August 25, 2013

Japan's 3D Printing Industry: Leapfrog, Not Catch-Up, is the Game to Play



Japan was all over the infancy of 3D printing, but in decades since, J-R&D has kinda missed the boat. Unlike the smartphone boat a few years back, they clearly see this one leaving shore, and with a bit of technological leapfroggery, hope to jump back to the fore.

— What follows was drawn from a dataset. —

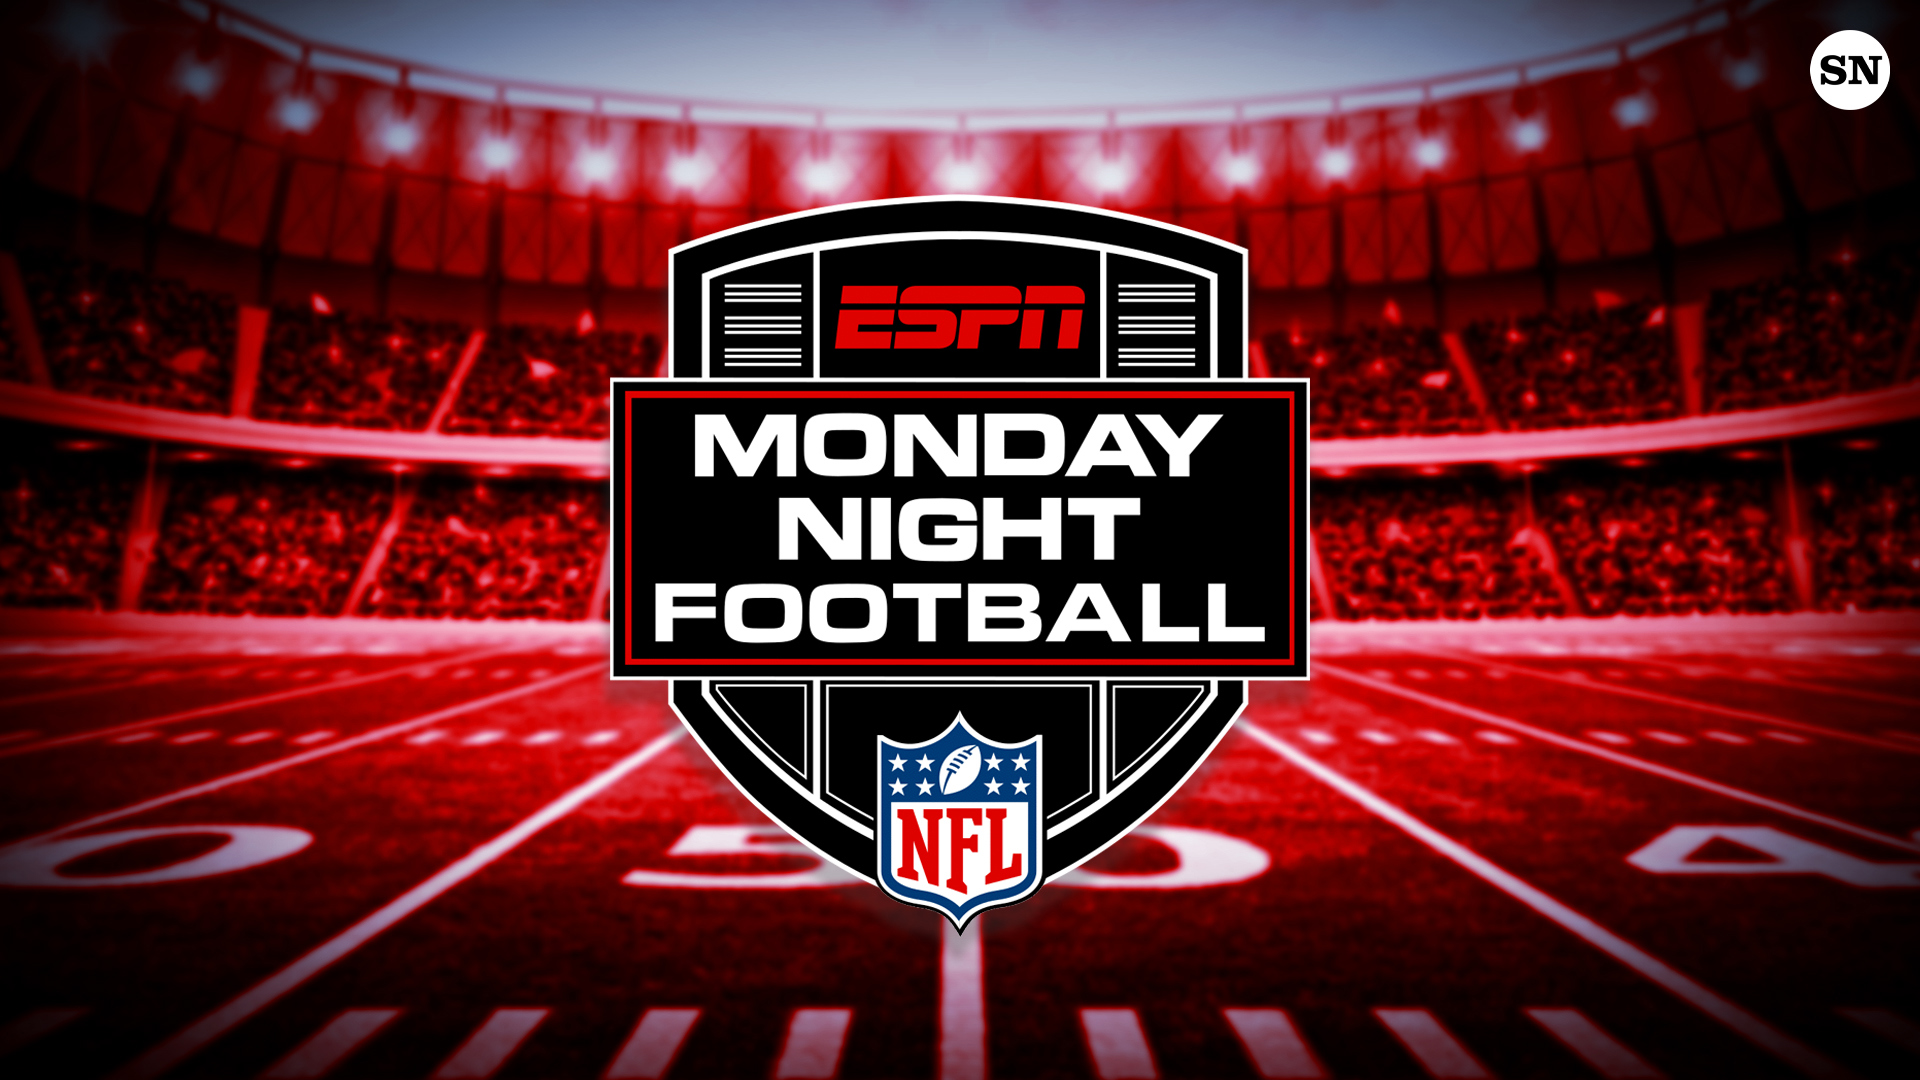 Monday Night Football schedule 2023 Dates, times, teams for ESPN's NFL

Anything, Anytime, Almost Anywhere
While the technology is over 25 years old, over just the past 5-10 years or so, 3D printing, also known as additive manufacturing, has advanced to become one of the most justifiably oh-my-god/can’t-believe-it’s-real/gee-whiz technologies in the human arsenal - there isn’t a week that goes by without news of some paradigmatically disruptive feat of rapid prototyping, or a new recipe for an open-source 3D printable robot, or 3D printable 3D printers, or very recently, the printing of biological matter from edible meat to implantable/attachable body parts - even near-functional mammalian organs. Star Trek replicators they aren’t, but “Computer, make me an apple pie and a new shirt and an extra finger” doesn’t seem quite as far away as it did just a few short years ago.

But Then There’s Metal...
Most commercial and in-development 3D printing devices work with plastics, plaster-ish stuff, or bio-jelly stem-cell goo, and relatively speaking, given their more malleable raw materials, those have been a bit easier to get up and running.